> [Exercise]: Copy nothing before the line that contains "Estudiando construcci n"; from there, transcribe each line exactly through the end of the material, omitting pictures.

> [Data provided]:
* * *

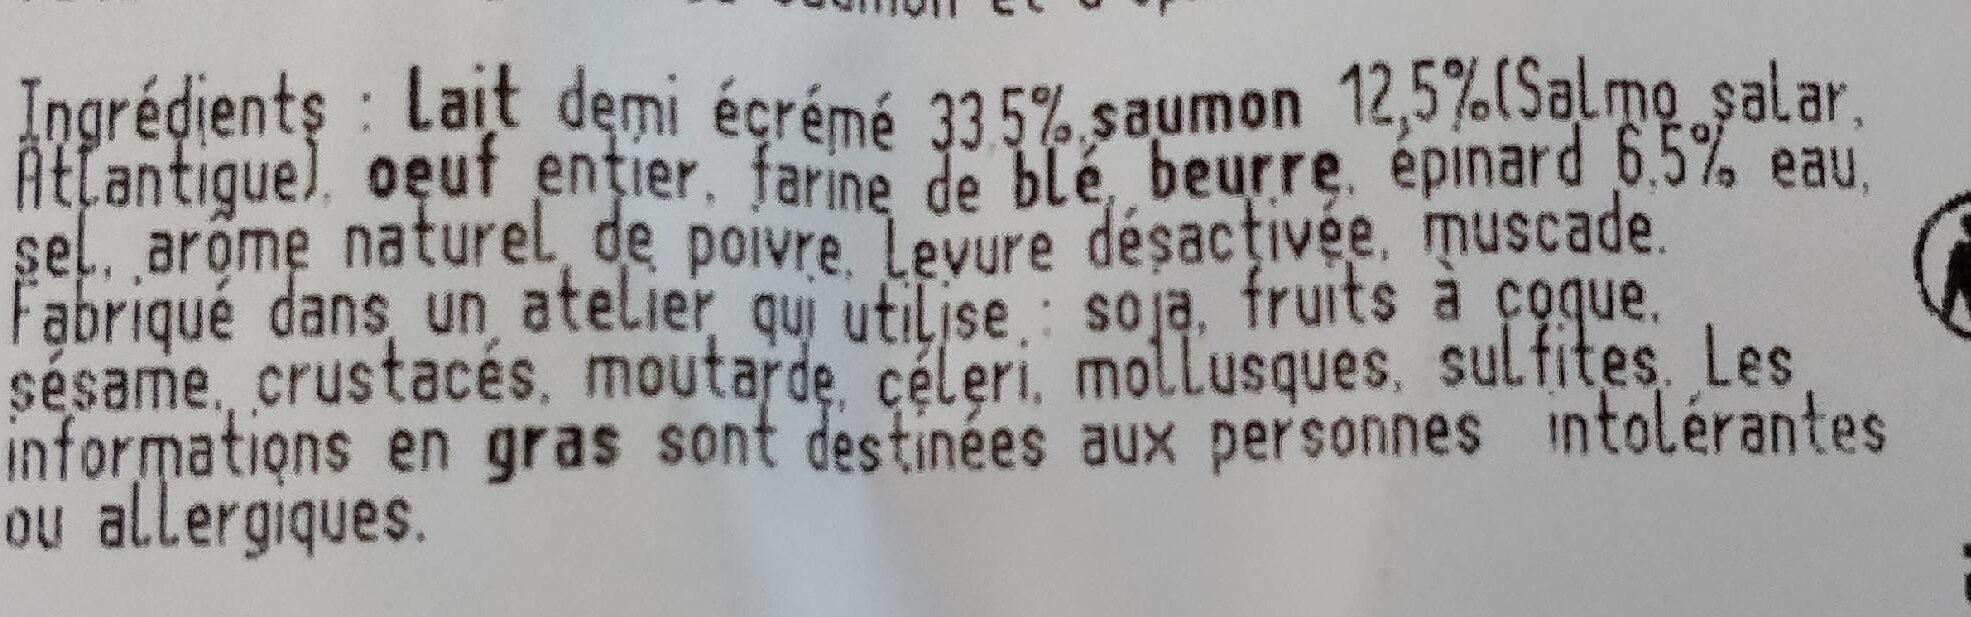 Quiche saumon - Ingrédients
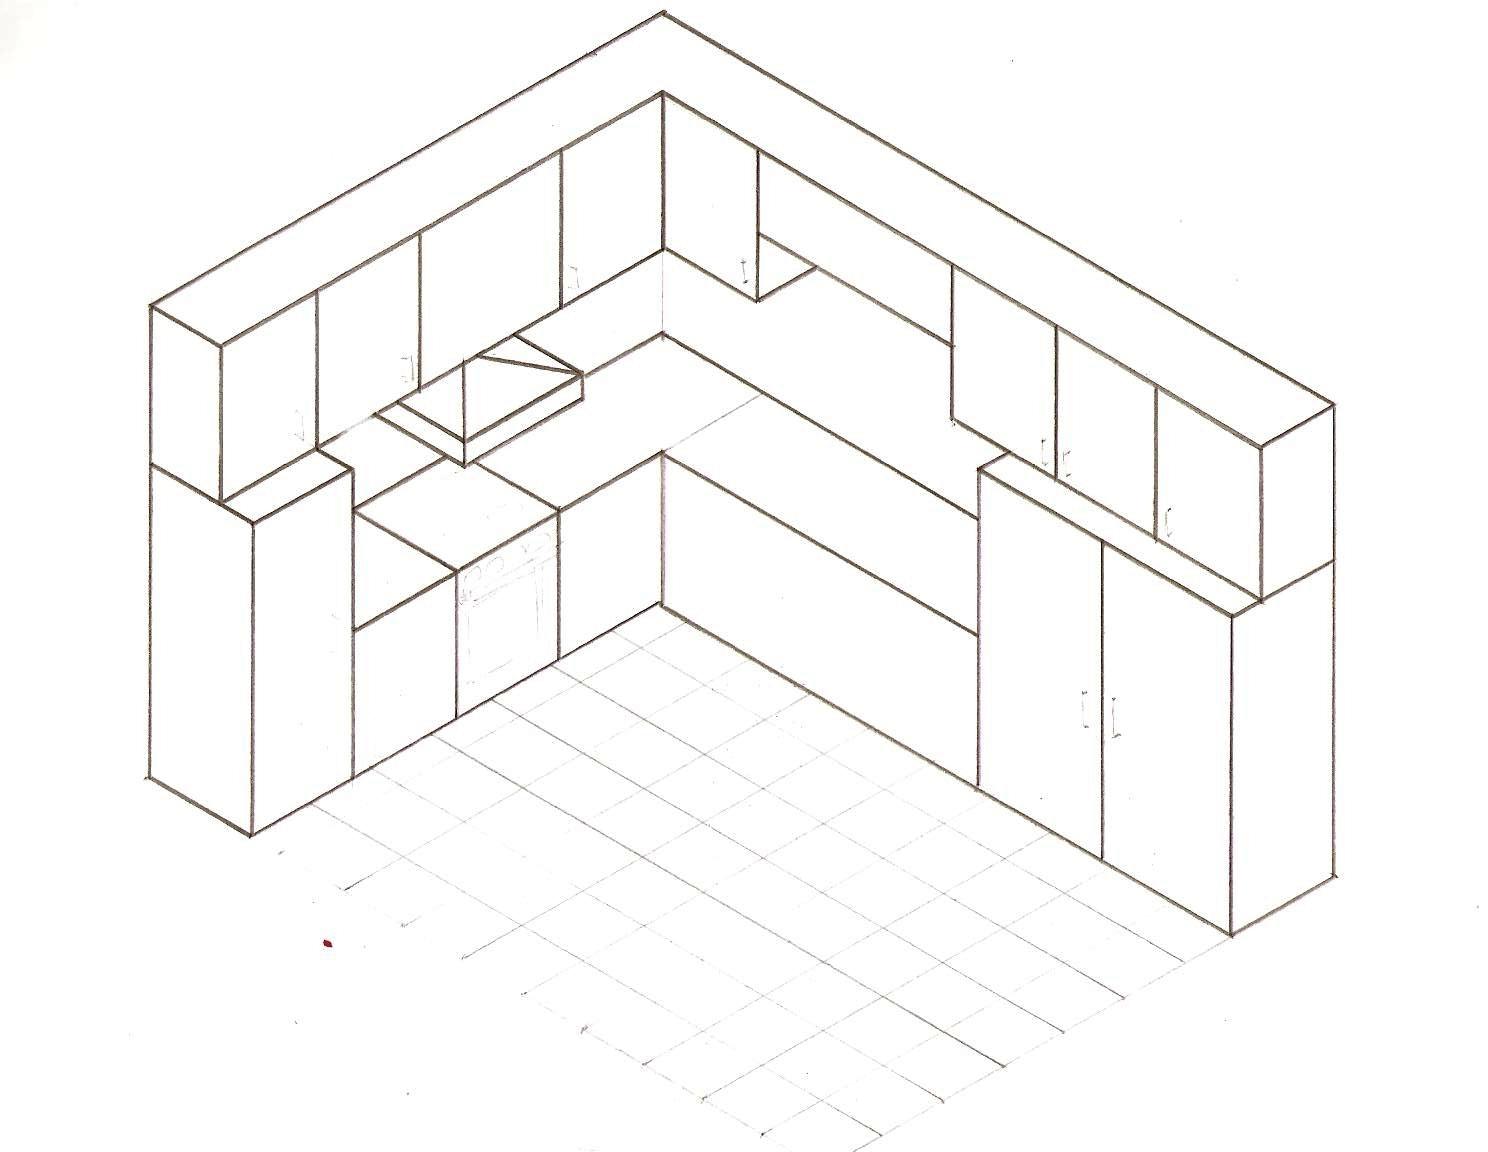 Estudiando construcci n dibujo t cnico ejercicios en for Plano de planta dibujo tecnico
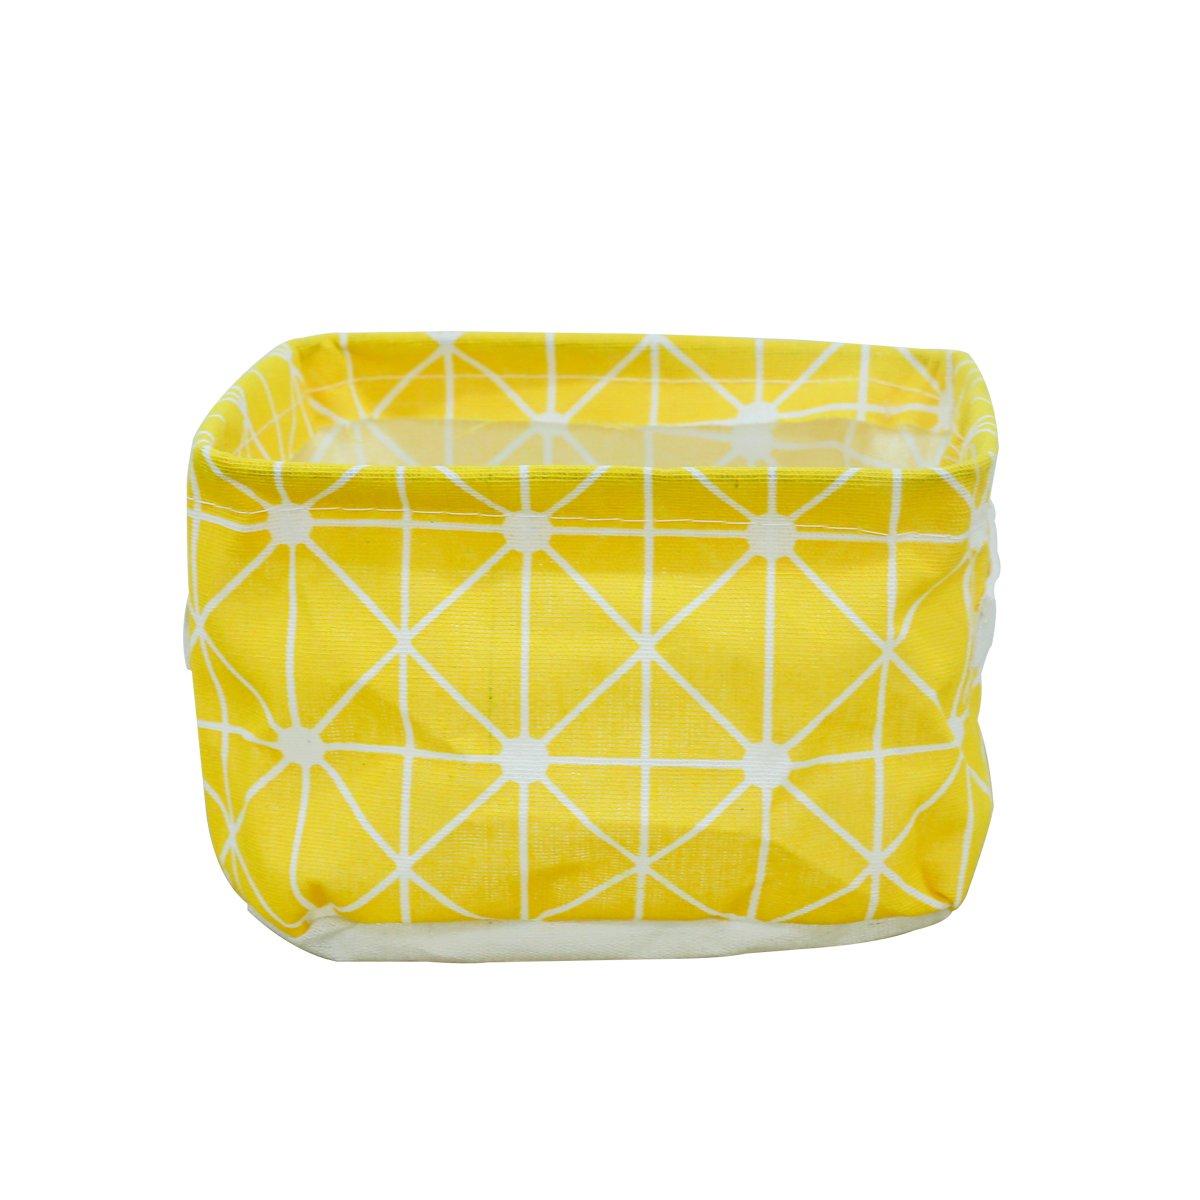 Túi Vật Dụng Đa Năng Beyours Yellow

* * *

> [Answer box]:
 Estudiando construcci n dibujo t cnico ejercicios en for Plano de planta dibujo tecnico
 Túi Vật Dụng Đa Năng Beyours Yellow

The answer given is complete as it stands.